This batch was a small experiment on two fronts. First front is removing an egg from the recipe. That means no additional yolk for moisture, and no egg wash on top. I can’t say I was a fan of the egg wash anyway. The second experiment is the photo you see. I used to love taking pictures, but that slowly left me during my depression. Photography can be my second form of creativity, if I’ll let myself experience the learning and failure from it. So anyway back to the pictures. I know that to grow this thing you have to have standout photos as you eat with your eyes first. Keep your eyes out and let me know if you see the quality of the pictures improving.

Ingredients

Biscotti:

  • 1/2 Cup Unsalted Butter (1 stick)

  • 3/4 Cup Granulated Sugar

  • 2 large eggs

  • 1 teaspoon of vanilla

  • 1 teaspoon coconut extract

  • 2 Cups All Purpose Flour

  • 1/2 teaspoon of salt

  • 1 1/2 teaspoon of baking powder

  • 3/4 Cup sweetened dried pineapple

  • 1 cup sweetened flaked coconut

  • 1/2 Cup whole unsalted macadamia nuts

Instructions

  1. Preheat the oven to 350 Degrees (this will change later)

  2. Line a baking pan with parchment paper

  3. Cream the butter and sugar In the bowl of your stand mixer with the paddle attachment on

  4. Add the eggs and yolk to the creamed butter and sugar and mix

  5. Mix in the vanilla, and coconut extract

  6. In a separate bowl combine the flour, salt, and baking powder

  7. Slow mix in the dried ingredients to the wet, scraping down the sides of the bowl as needed

  8. Rough chop the pineapple and macadamia nuts (I went for a quarter of their original size)

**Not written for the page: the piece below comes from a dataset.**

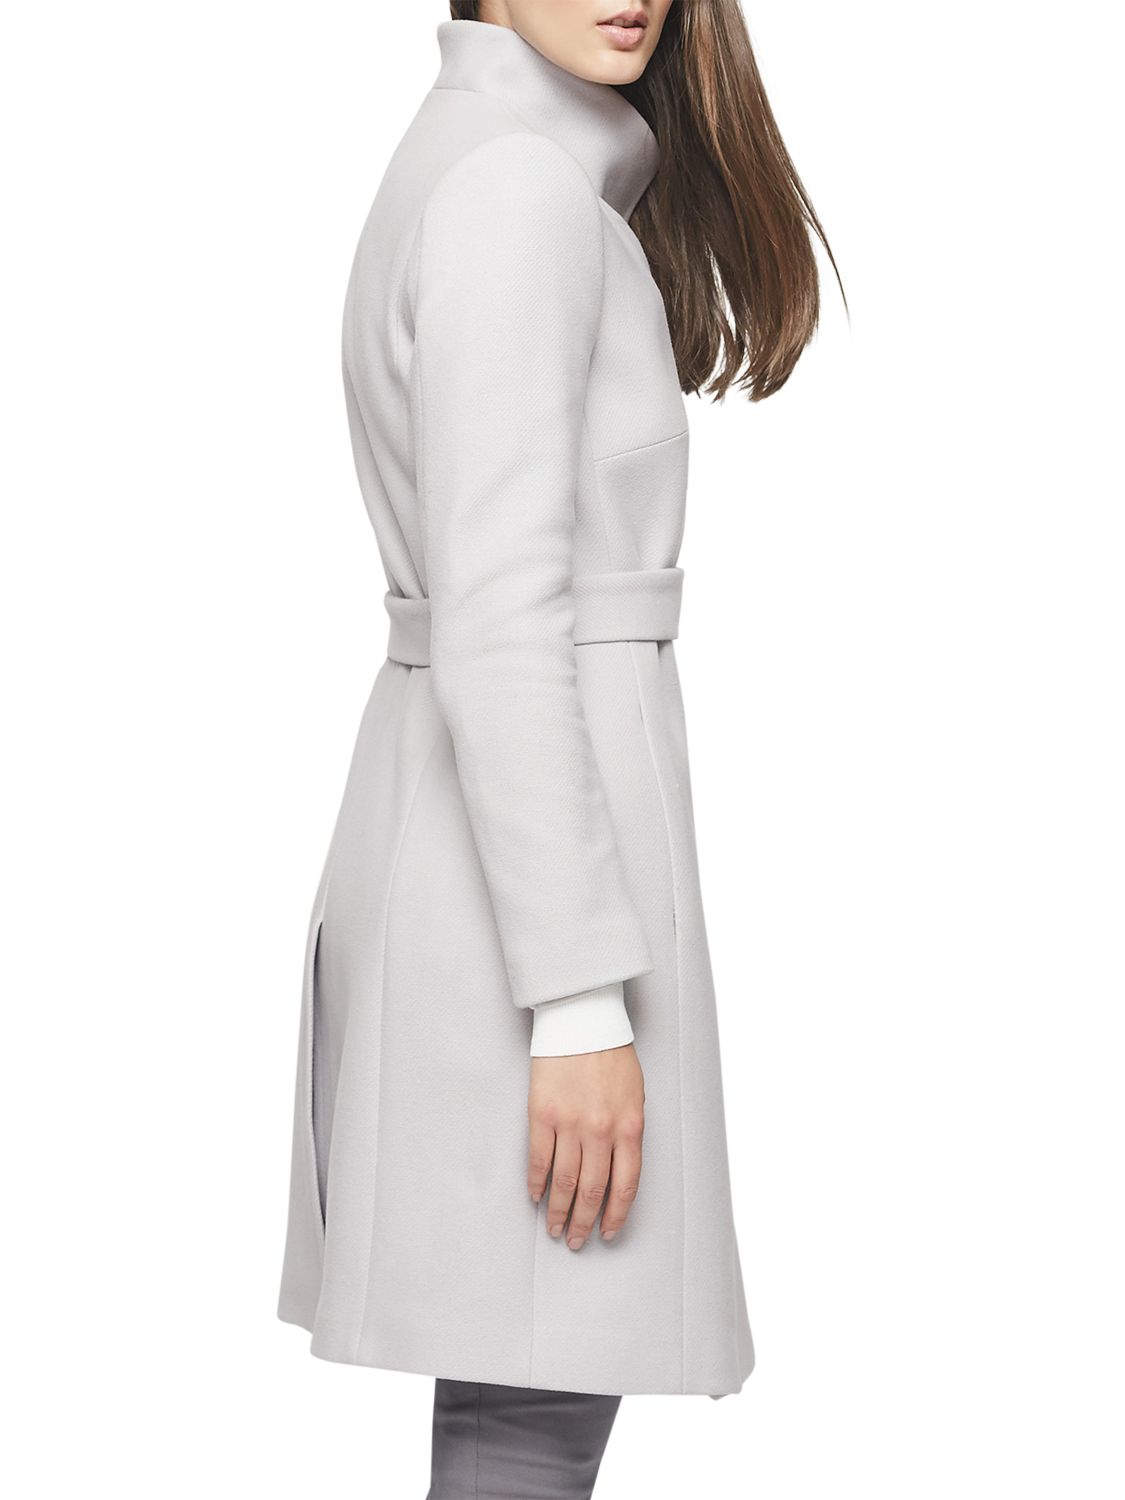 Reiss Harri Belted Wrap Collar Trench Coat at John Lewis & Partners

  9. Mix in the chopped macadamia nuts, chopped pineapple, and sweetened flaked coconut until just integrated

  10. Place the dough on the parchment lined baking sheet, wet your hands slightly as the dough is sticky, and form into a loaf about 12” long 3” wide and 1” tall.

  11. Bake for 30 minutes and remove from oven.

  12. Reduce Oven temperature to 325

  13. Let cool 5 minutes and then slice into 1/2 - 3/4” slices with a serrated knife, Separate slightly

  14. Place back into the oven and bake an additional 30-35 minutes.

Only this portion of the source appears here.